- **The data**:
○ ○ ○

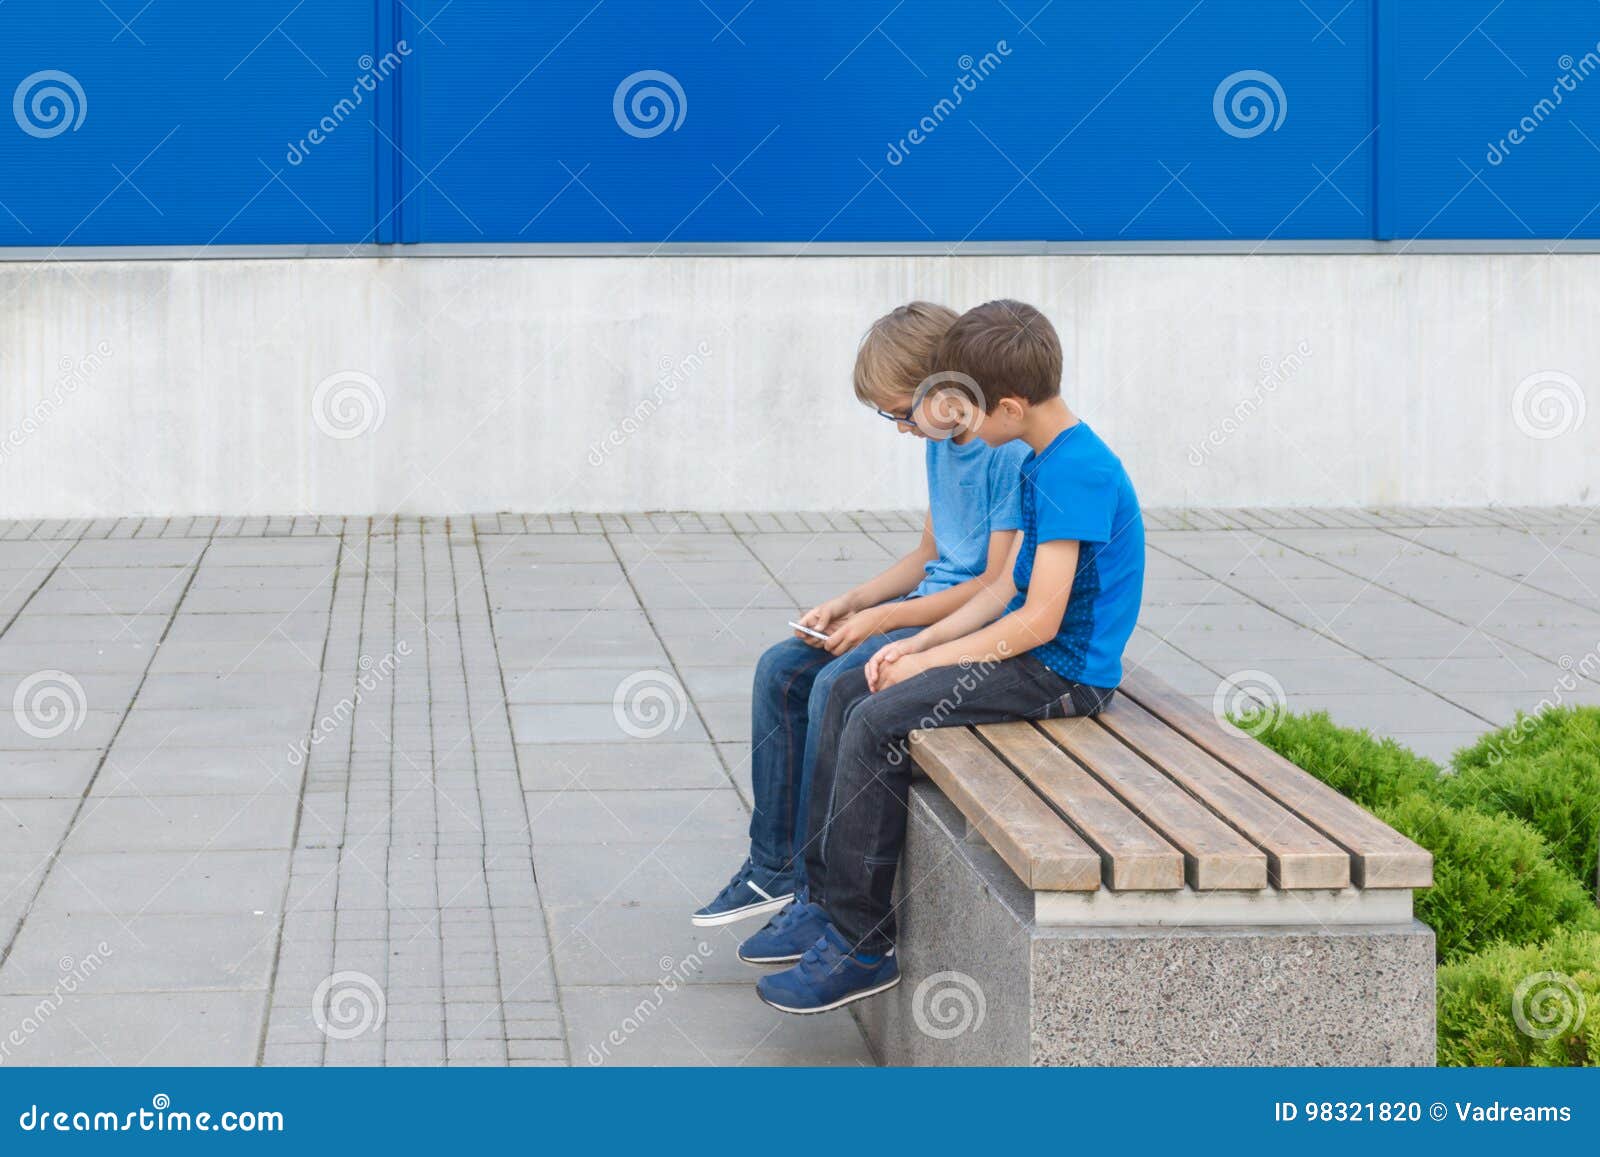 На ступеньку вскакивает хлопчик. Мальчик сидит на скамейке. Мальчик сидит на скамье. Два мальчика на скамейке. Два подростка сидят на скамейке.
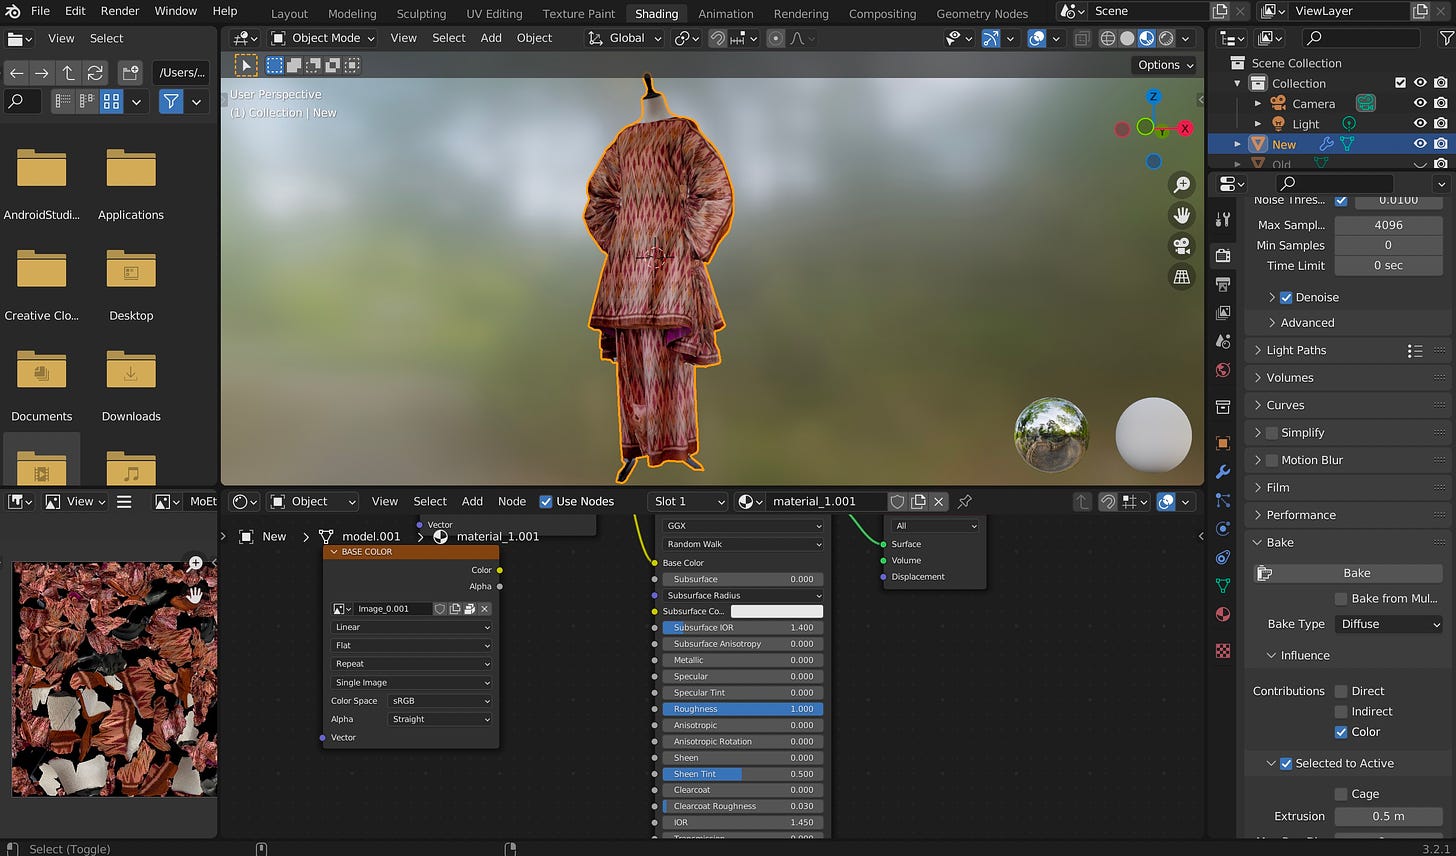 Optimizing the Modern Ethnic 3D model in Blender.
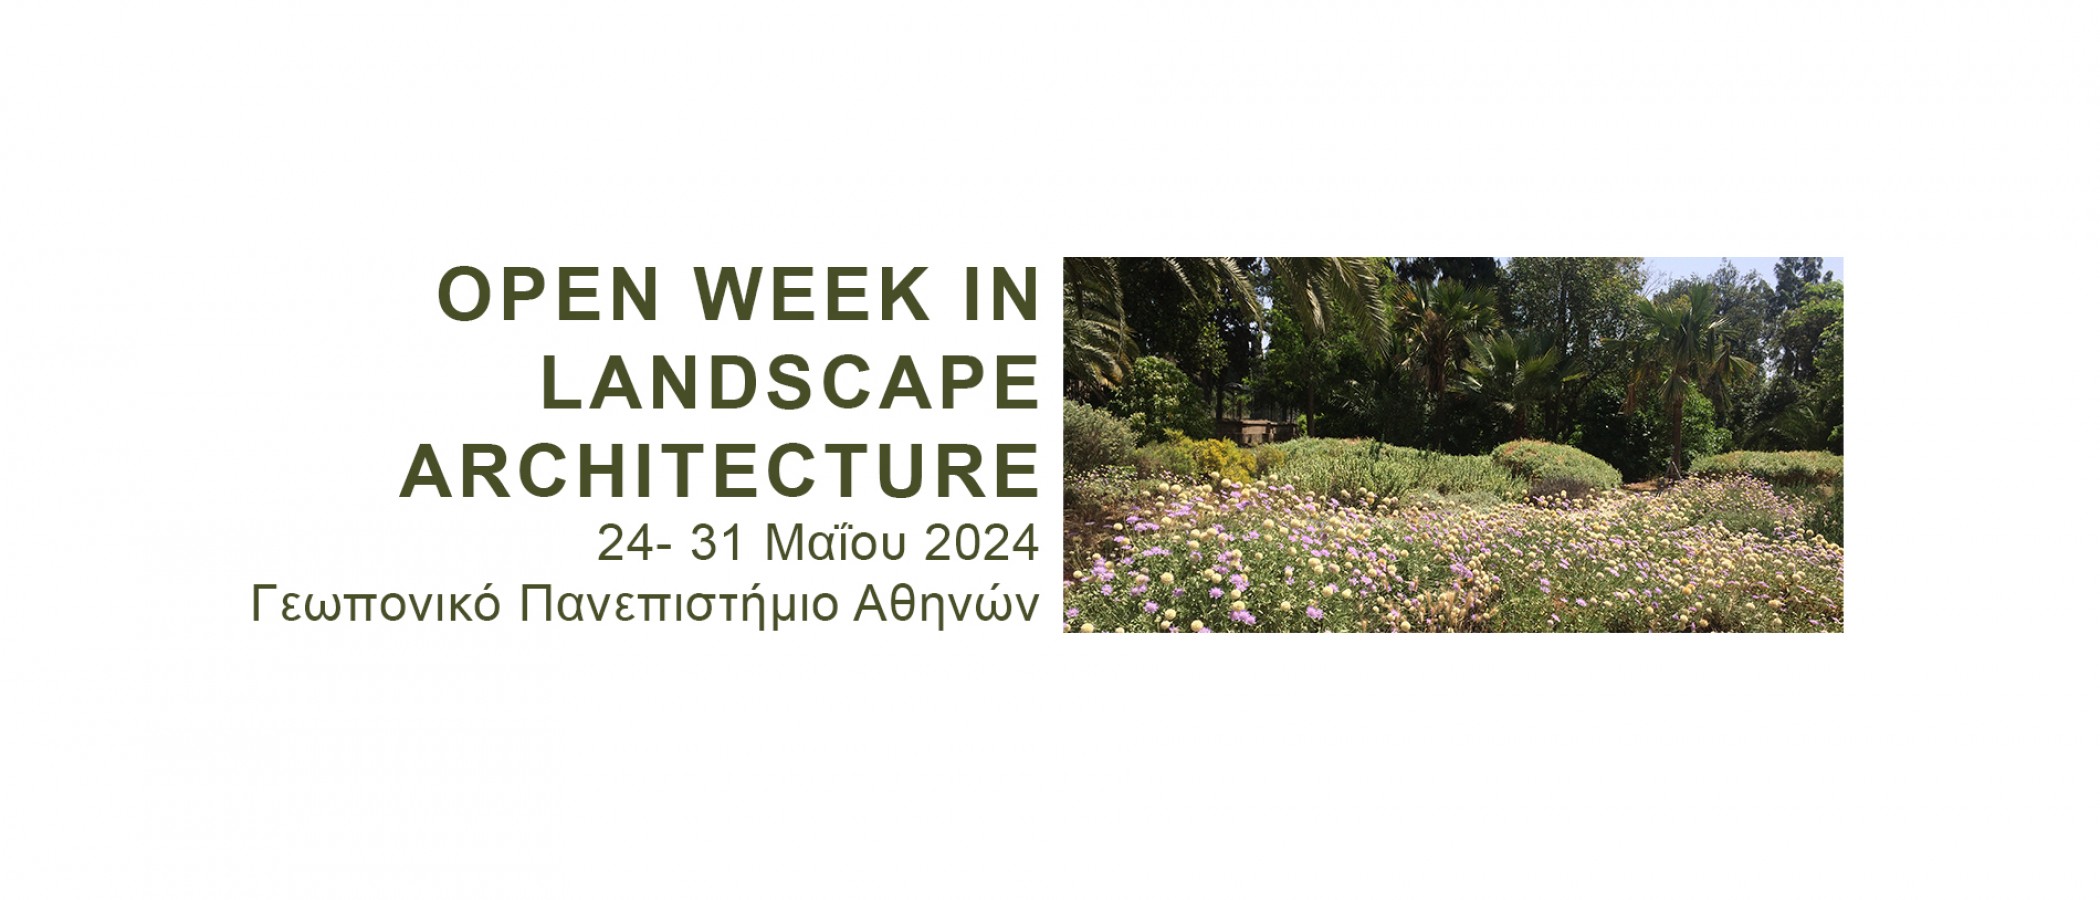 Open week in landscape architecture
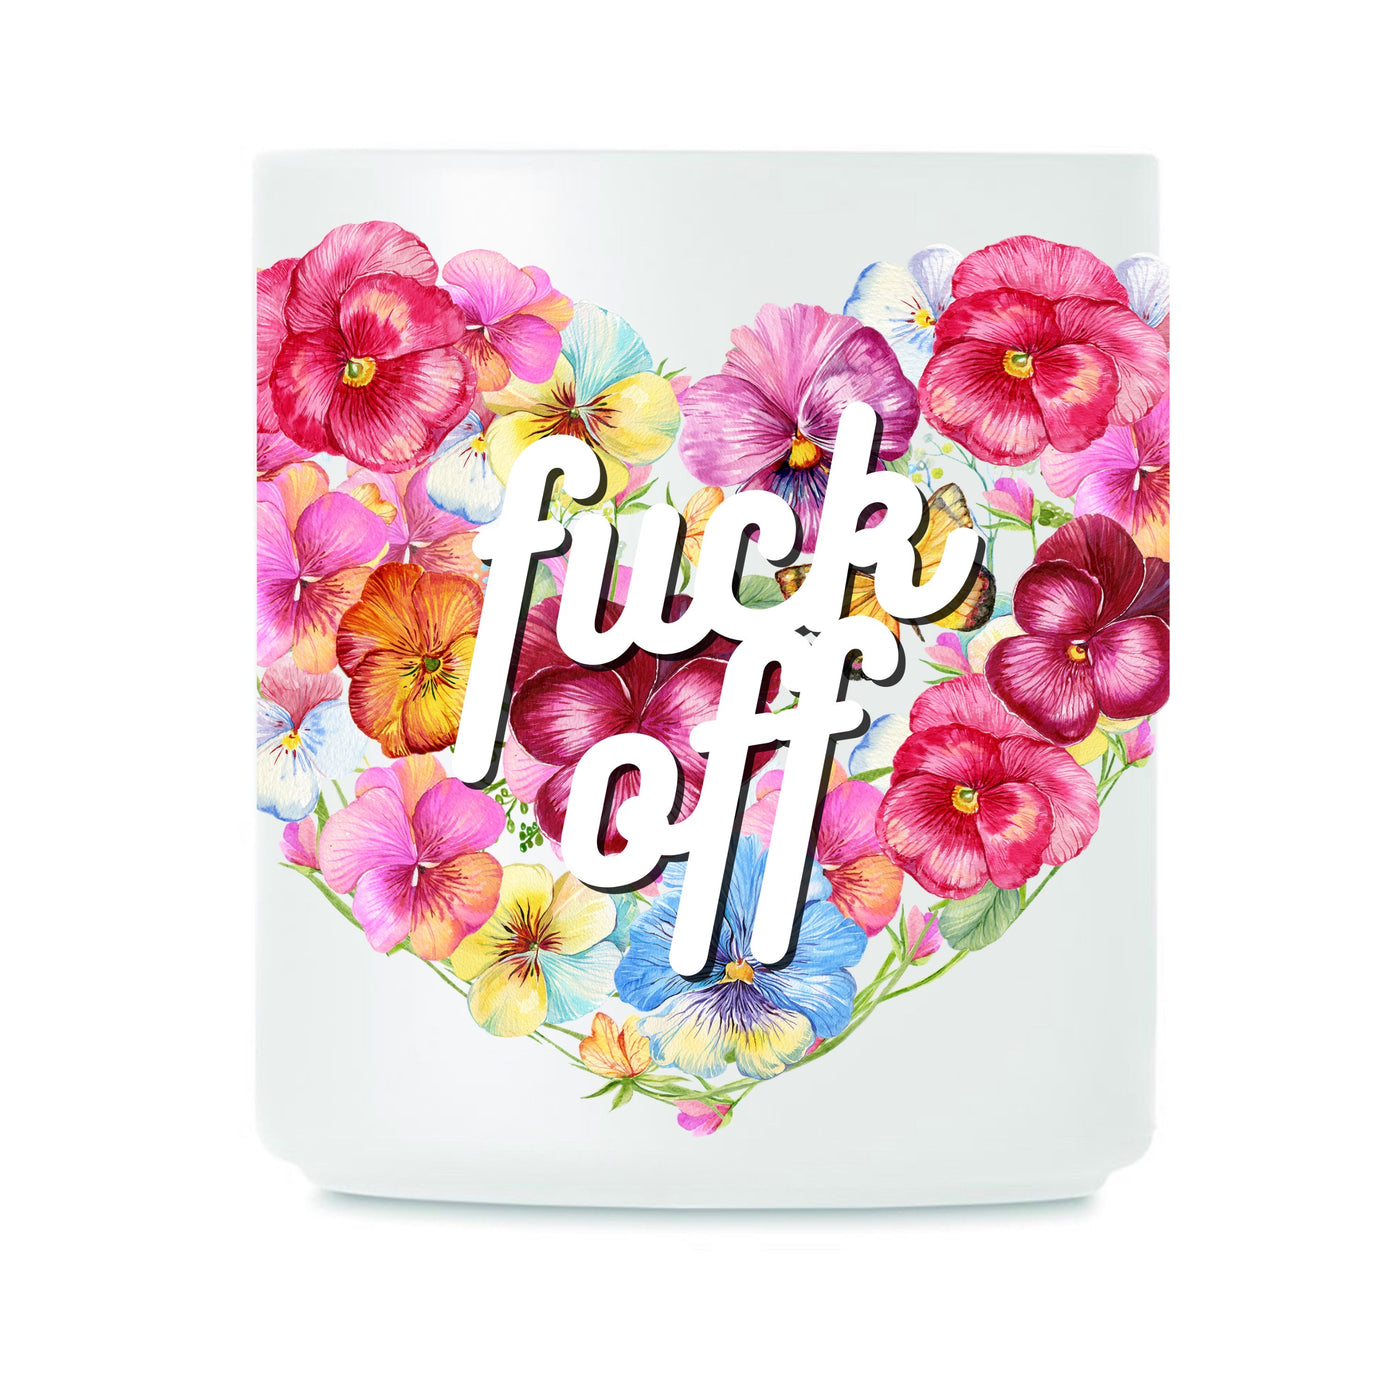 Floral "Fuck Off" 11oz Mug

○ ○ ○

- **Exercise brief**: With the pictures left out, transcribe the material exactly.

- **Written solution**:
 На ступеньку вскакивает хлопчик. Мальчик сидит на скамейке. Мальчик сидит на скамье. Два мальчика на скамейке. Два подростка сидят на скамейке.
 Optimizing the Modern Ethnic 3D model in Blender.
 Open week in landscape architecture
 Floral "Fuck Off" 11oz Mug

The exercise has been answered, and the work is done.